Chikage gün içinde oğlandan herhangi bir haber alamamış,oldukça garipsemişti bu durumu. Onun ne durumda olduğunu fazlasıyla merak ediyordu ancak sormalı mıydı emin değildi. Adam düşünceleriyle boğuşurken duyduğu zil sesiyle irkildi. Kapıyı açmak üzere ayağa kalktı,kimin geldiğine dair bir tahmini vardı. Kapıyı açtığında karşısında gördüğü oğlanla tahminini doğrulamıştı. Sarışının kaşları çatıktı. Haklı olarak sinirlenmişti. "Hangi rüzgar attı seni buraya?" sanki bilmiyormuş gibi sordu Chikage. "Anlaşılan arkadaşınla işler yolunda gitmemiş."

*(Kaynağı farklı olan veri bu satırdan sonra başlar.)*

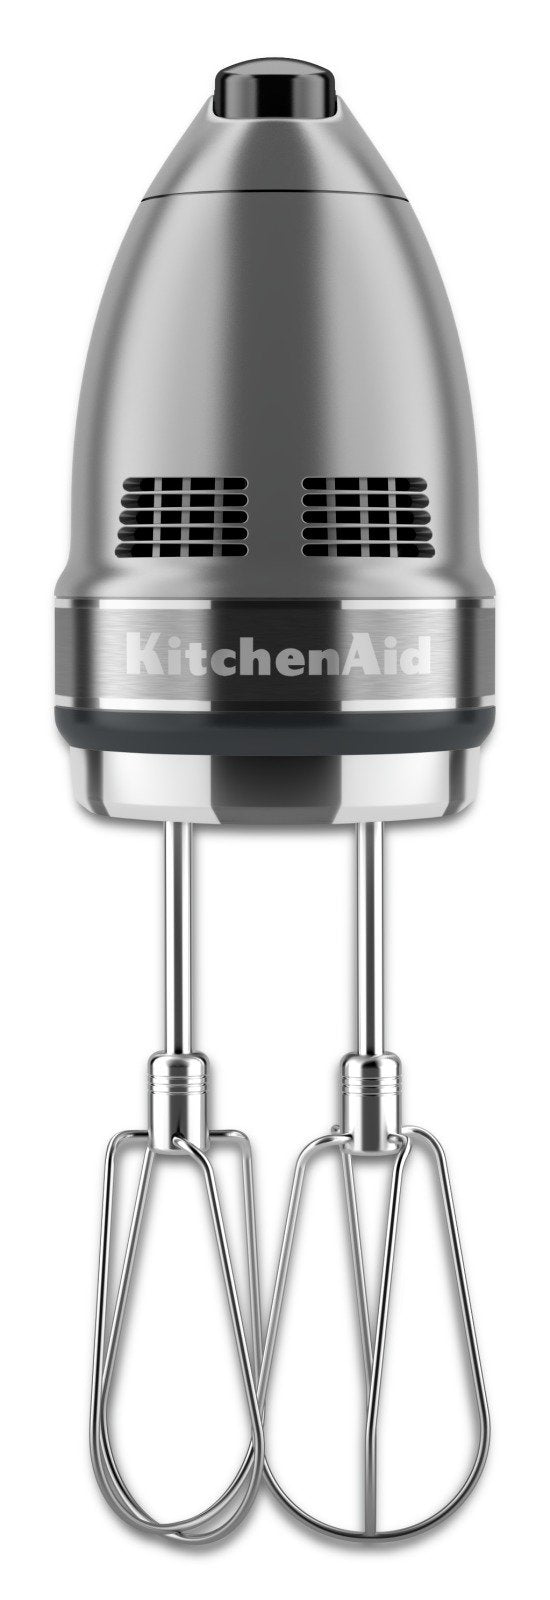 KitchenAid 7-Speed Hand Mixer - KHM7210CU

Sarışın kaşlarını daha da çatarak yumruklarını sıktı. "Kes benimle dalga geçmeyi! Bunca zaman boyunca neden hiçbir şey söylemedin? " adam oğlanın sorusu karşısında sessiz kaldı. "Cevap ver bana! Hoşuna mı gitti benimle dalga geçmek? " Chikage iç çekti. "Ne yapsaydım? Söyleseydim beni dinleyecek miydin sanki? Mikado'yla kafayı o kadar bozmuş durumdayken benimle ilgilenmezdin." Chikage'nin söylediklerinde doğruluk payı vardı ve Kida da bunun gayet farkındaydı. Yine de bu gerçeği ondan saklaması,hiçbir şey yokmuş gibi davranması sinirlendiriyordu oğlanı. Eğer bunu bilseydi bir şeyler daha farklı olurdu. Mesela şu an bu kadar hayal kırıklığına uğramış olmazdı,kendini bu kadar kayıp hissetmezdi. Yoldayken adama söylemeyi planladığı bir çok şey olmuştu ancak başka bir şey diyemedi o an karşısındayken. Ne dese boş olacakmış gibi hissediyordu. Aralarındaki rahatsız edici sessizliği Chikage onu içeri davet ederek bozdu. Kida bu daveti gönülsüzce kabul edip içeri girdi. Sessizlik devam etmiş ve bozan kişi yine kahverengi saçlı adam olmuştu.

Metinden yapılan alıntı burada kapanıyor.